**EXERCISE PROMPT**
For this exercise, restate every line below word for word and drop the images.

**DATA**

BEGIN

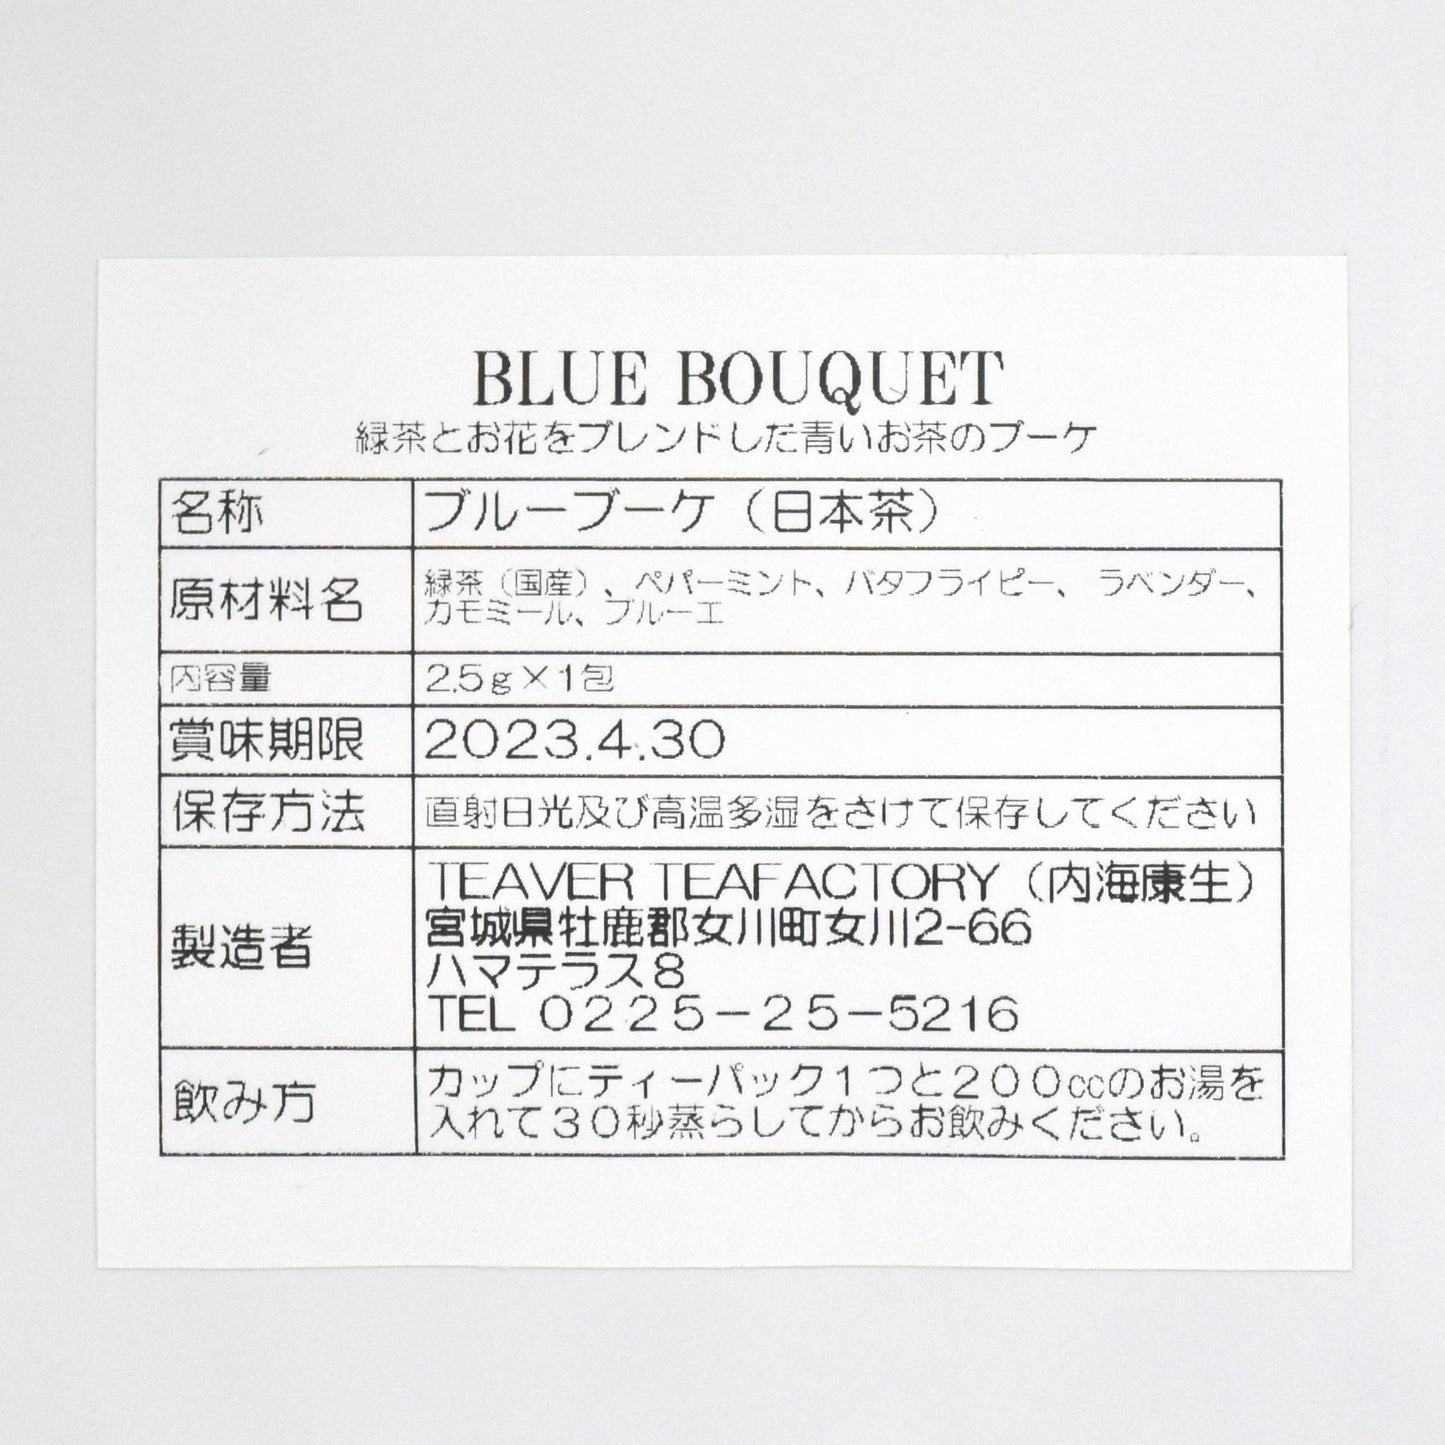 【TEAVER TEAFACTORY】BLUE BOUQUET 青い日本茶
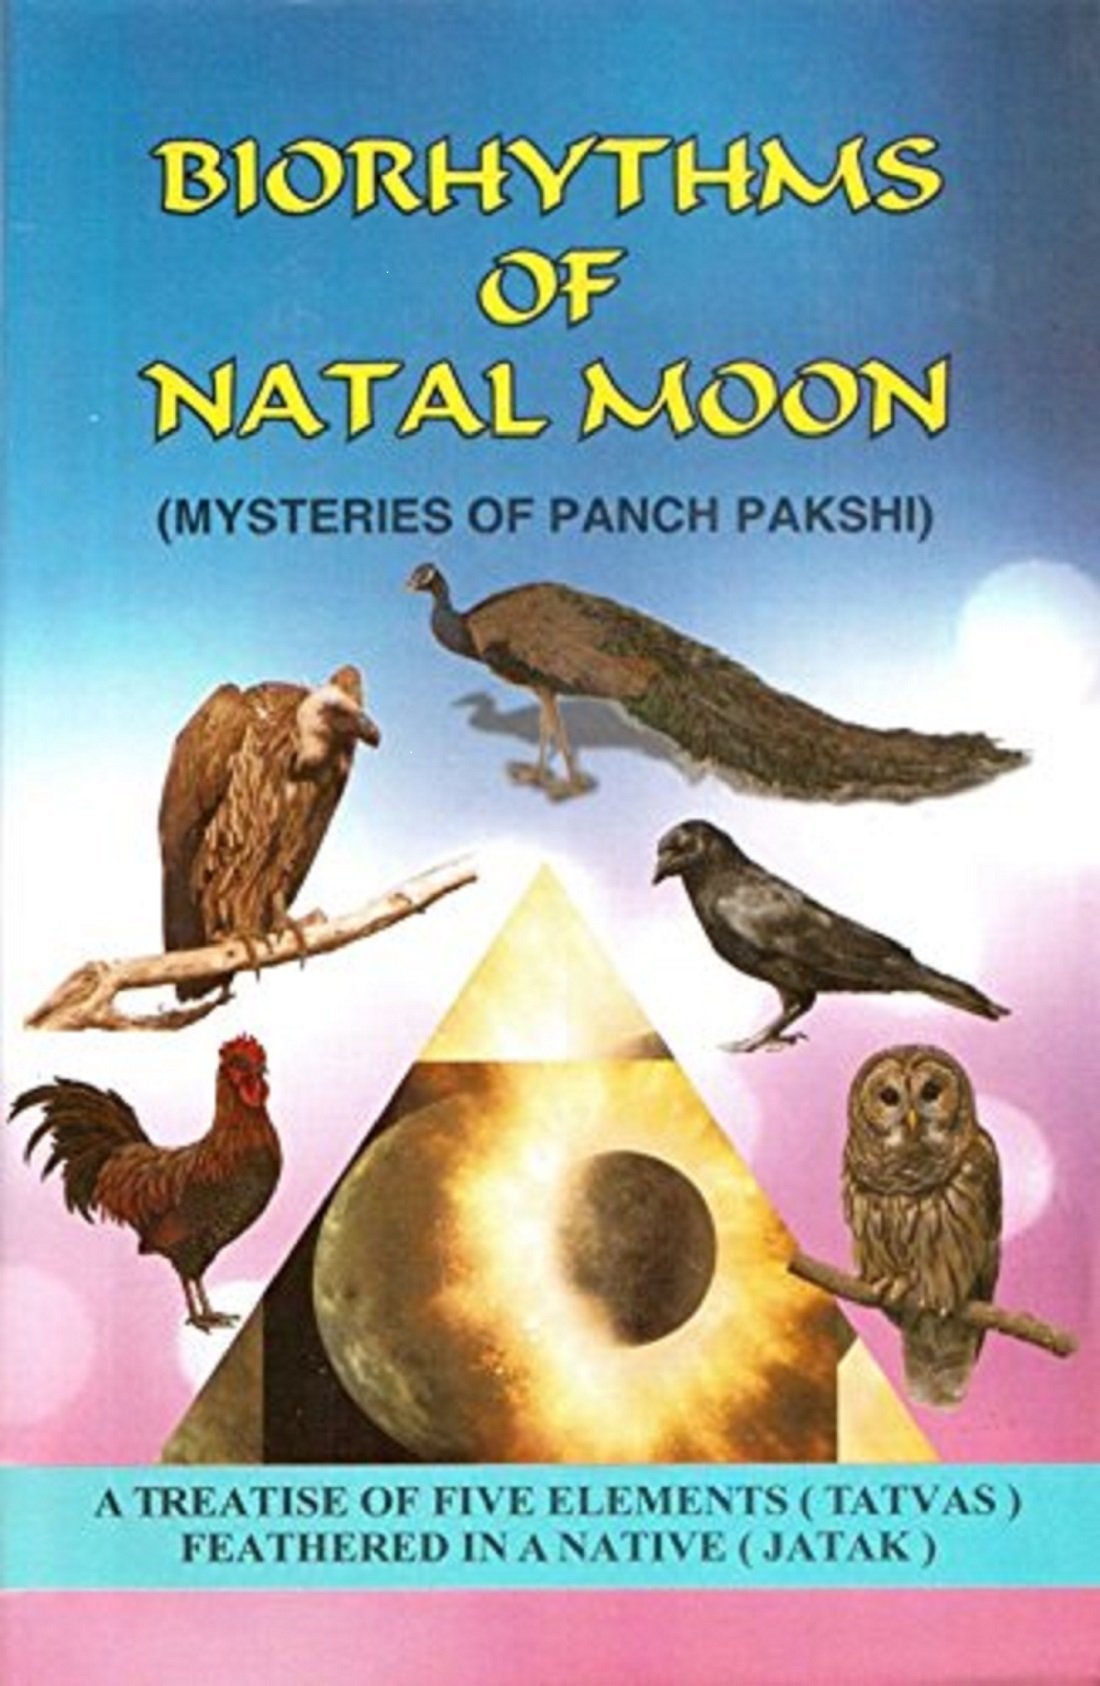 Biorthythms of Natal Moon Mysteries of Panch Pakshi in English Hardbound by Dt. U. S. Pulippani
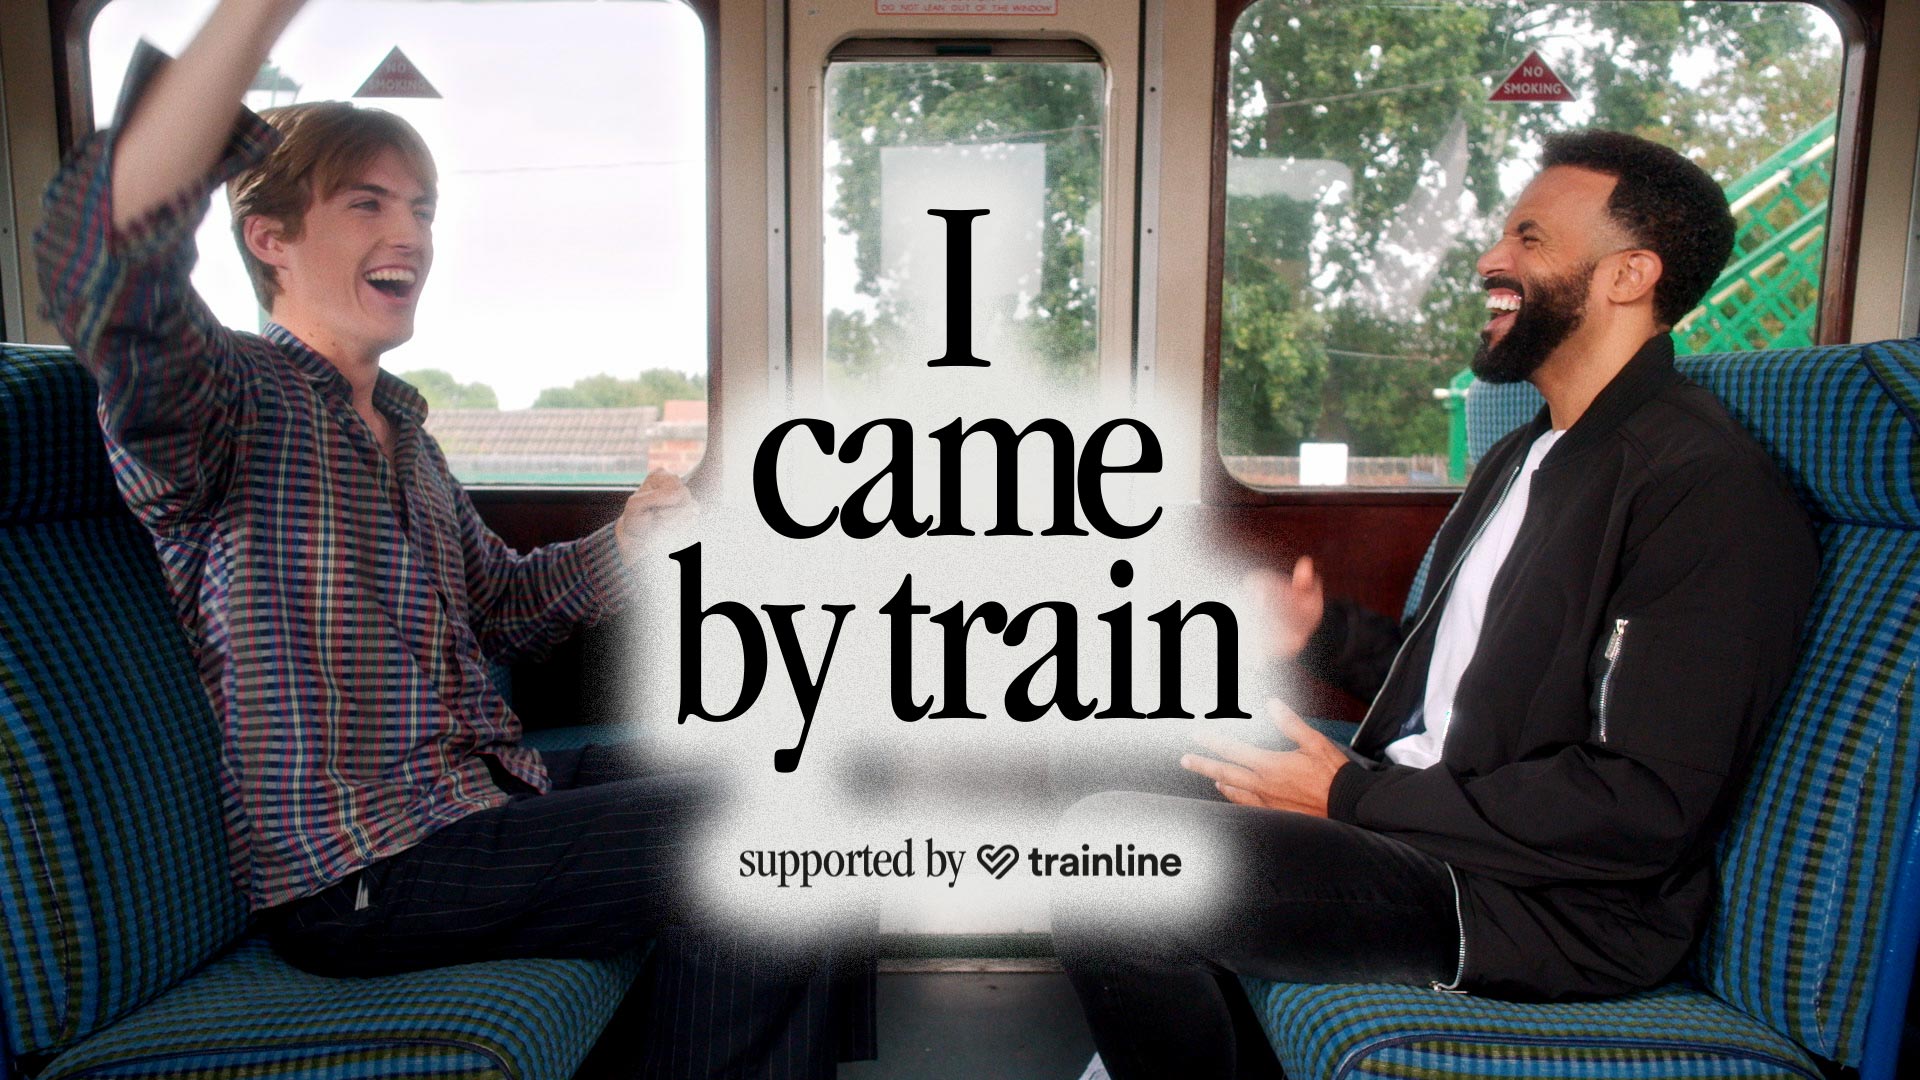 Trainline hero image - Francis Bourgeois and Craig David on a train

END

**OUTPUT**
 【TEAVER TEAFACTORY】BLUE BOUQUET 青い日本茶
 Biorthythms of Natal Moon Mysteries of Panch Pakshi in English Hardbound by Dt. U. S. Pulippani
 Trainline hero image - Francis Bourgeois and Craig David on a train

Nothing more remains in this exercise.